It is a truism in the publishing industry that very few Kiwis get rich by writing a book.
While many receive a pittance for their creative efforts, there are some authors who have become millionaires - some many times over - by cutting out the middlemen and middlewomen in the publishing industry and marketing themselves to a global audience.
The most recent self-publishing success story is cooking star Annabel Langbein, who has broken all previous New Zealand records by selling more than 110,000 copies of her latest cookbook, The Free Range Cook. The book now sells in more than 70 countries and negotiations are underway to sell the accompanying TV series in several major markets.
Langbein is credited by many as a smart cookie who has carefully and patiently planned her career over many years. She admits to having turned down offers just because she didn't think the timing was quite right.
She says she initially wanted to manage her own books simply because she enjoyed the creative challenge.
But along the way, she has sought advice from some of New Zealand's top businesspeople, including staff at Auckland University's business incubator, The Icehouse.
Langbein is unsure how many books she has sold in total in her career so far, but guesses it would probably be in the millions. And she genuinely believes she is only just getting started.
Another recent example of someone who has chosen to self-publish is nutritionist Libby Weaver, who has written a diet book, Accidentally Overweight, that is also on the current bestseller lists.
Weaver's husband, Chris, happens to be the chief executive of the Auckland Racing Club and has been using his own experience in sales and marketing to help his wife manage the business.
The couple used the online service Elance to hire an editor and designer for the book, who were based in the United States. Locally, they sought advice from publishing maven Wendy Pye, and also organised innovative outlets such as gyms and delicatessans to sell the book, as well as traditional channels. Following its success in New Zealand, they are now considering how to market the book overseas.
Several other Kiwi authors who have gone down that path can already count their sales in seven-figure sums.
Former advertising art director Jane Seabrook has become internationally reknown for the Fuzzy Logic series of books, which are based on her own whimsical illustrations of wildlife, matched with pithy quotes.
Seabrook, who lives in Auckland, had previously worked with photographer Anne Geddes and by packaging her books herself, she has managed to clock up more than one million international sales so far.
She is about to branch out into paper products such as cards and calendars, and this time plans to manage all the sales herself via her website.
Seabrook credits local artist and inventor Burton Silver for introducing her to packaging. Silver, who probably remains best known to older readers for his long-running Bogor cartoon in the NZ Listener, struck gold in the mid-90s with a satirical book about art criticism called Why Cats Paint.
The book, which he put together with painter and photographer Heather Busch, sold more than 700,000 copies worldwide, and the pair have followed up with other books in a similar vein. Silver has also self-published several other books of his own.

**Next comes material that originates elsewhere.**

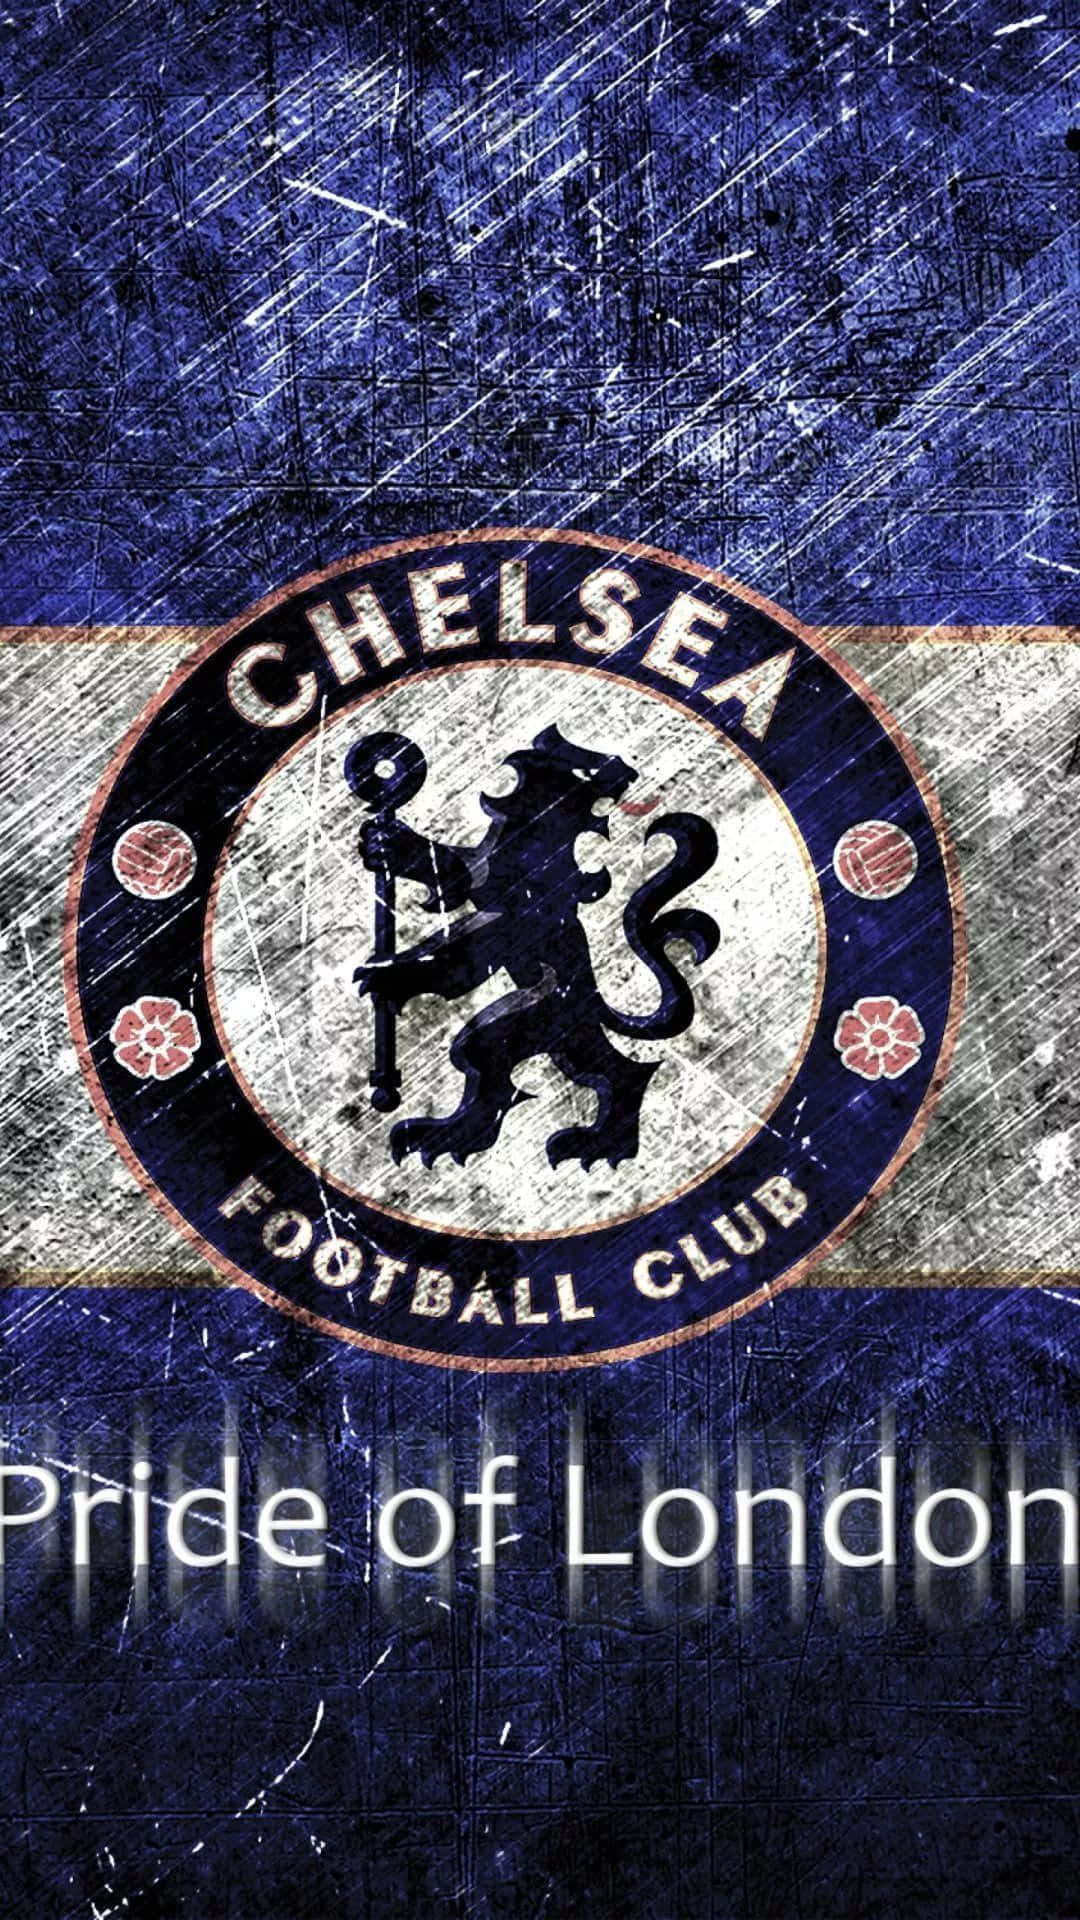 Chelsea FC Ære af London vægbillede Wallpaper

While he concedes he made plenty of money from Why Cats Paint, he claims to have lost much of it by inventing a new sport called GolfCross. But he also notes that tourist shops do a reasonable trade in his book about the new game.
Silver also claims to have encouraged Smarter than Jack author Jenny Campbell to manage her own career. Campbell put together the collection of anecdotes about clever animals, then persuaded the SPCA to help her distribute it, for a cut of the profits. The book was a huge success and she is now repeating that formula overseas.
"It was like I had created a living thing with Smarter than Jack; it seemed to have a life all of its own," she has written on her website. "What an awesome responsibility and opportunity, albeit a bit of a scary one."
While many authors admit their initial success was mostly due to good luck, rather than good management, some are getting ever-more-savvy about the commercial realities of publishing.
A recent international example of masterful marketing is American entrepreneur Tim Ferriss, who had significant success with his first book, The 4-Hour Workweek.
In 2007 Ferriss was nominated as one of Fast Company's most innovative businesspeople of the year, and the following year Wired magazine named him the Greatest Self-Promoter of All Time.
Ferriss founded his first company at the age of 23 and has become something of a poster boy for Generation Y. He has proved to be a skilful manipulator of social media, and even mainstream media, and has admitted to tailoring his latest book around the most popular search terms on Google.
The result was The Four-Hour Body, subtitled "An Uncommon Guide to Rapid Fat-Loss, Incredible Sex, and Becoming Superhuman".
The book, which came out just before Christmas, débuted at number one on the New York Times Bestseller List, beating the Guinness Book of Records, and has been one of Amazon's top five bestselling books for the past three months.
Veteran writer and broadcaster Gordon McLauchlan believes the global debate about the future of books has so far focussed too much on whether bricks and mortar stores will survive.
"People say bookshops are on the way out, but I actually think publishers are in a much more vulnerable position," he muses.
One of the reasons why far too many books are published is because publishers feel obliged to maintain a critical mass to justify their infrastructure, he says.
Ironically, he concedes, new technology could in fact exacerbate that trend.